News

ST Offers R&D Program for Low-Cost Solar Cells

September 30, 2003 by Jeff Shepard

STMicroelectronics Inc. (ST, Geneva, Switzerland) released details of an advanced research program that it hopes will substantially reduce the cost of generating electricity from solar power. The research team, based in Catania and Naples, Italy, is focusing on applying ST's expertise in nanotechnology to the development of new solar cell technologies that will eventually be able to compete commercially with conventional electricity generation methods such as burning fossil fuels or nuclear reactors.

Semiconductor-based solar cells have the highest efficiency (defined as the electrical energy produced for a given input of solar energy), but there is little that can be done to either increase the efficiency or reduce the manufacturing cost.
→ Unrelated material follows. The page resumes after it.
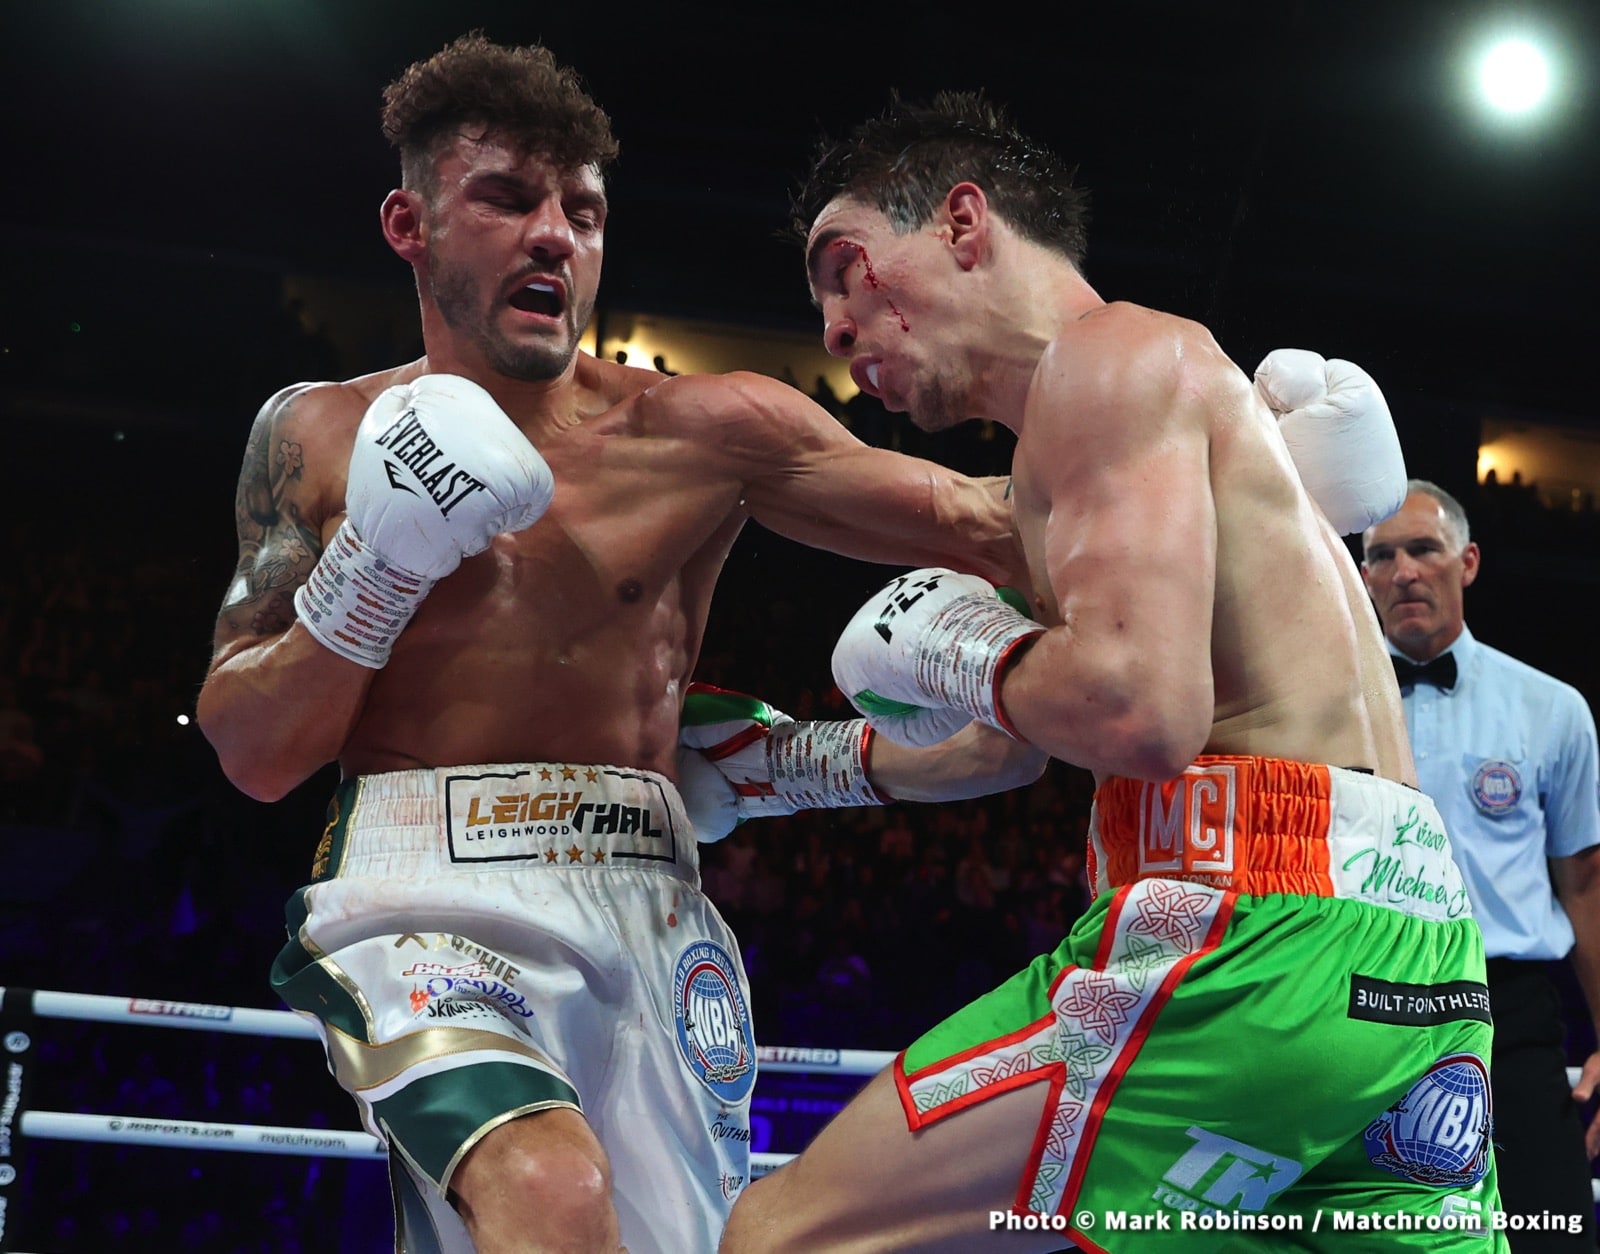 Image: Michael Conlan asking for rematch against Leigh Wood

ST is therefore pursuing alternative approaches in which the aim is to produce solar cells that may have lower efficiencies, but are much cheaper to manufacture. The ST team is also developing low-cost solar cells using a full organic approach, in which a mixture of electron-acceptor and electron-donor organic materials is sandwiched between two electrodes. The nanostructure of this blend is crucial for the cell performance because the electron-donor and electron-acceptor materials have to be in an intimate contact at distances below 10nm. ST plans to use Fullerene (C60) as the electron-acceptor material and an organic copper compound as the electron-donor.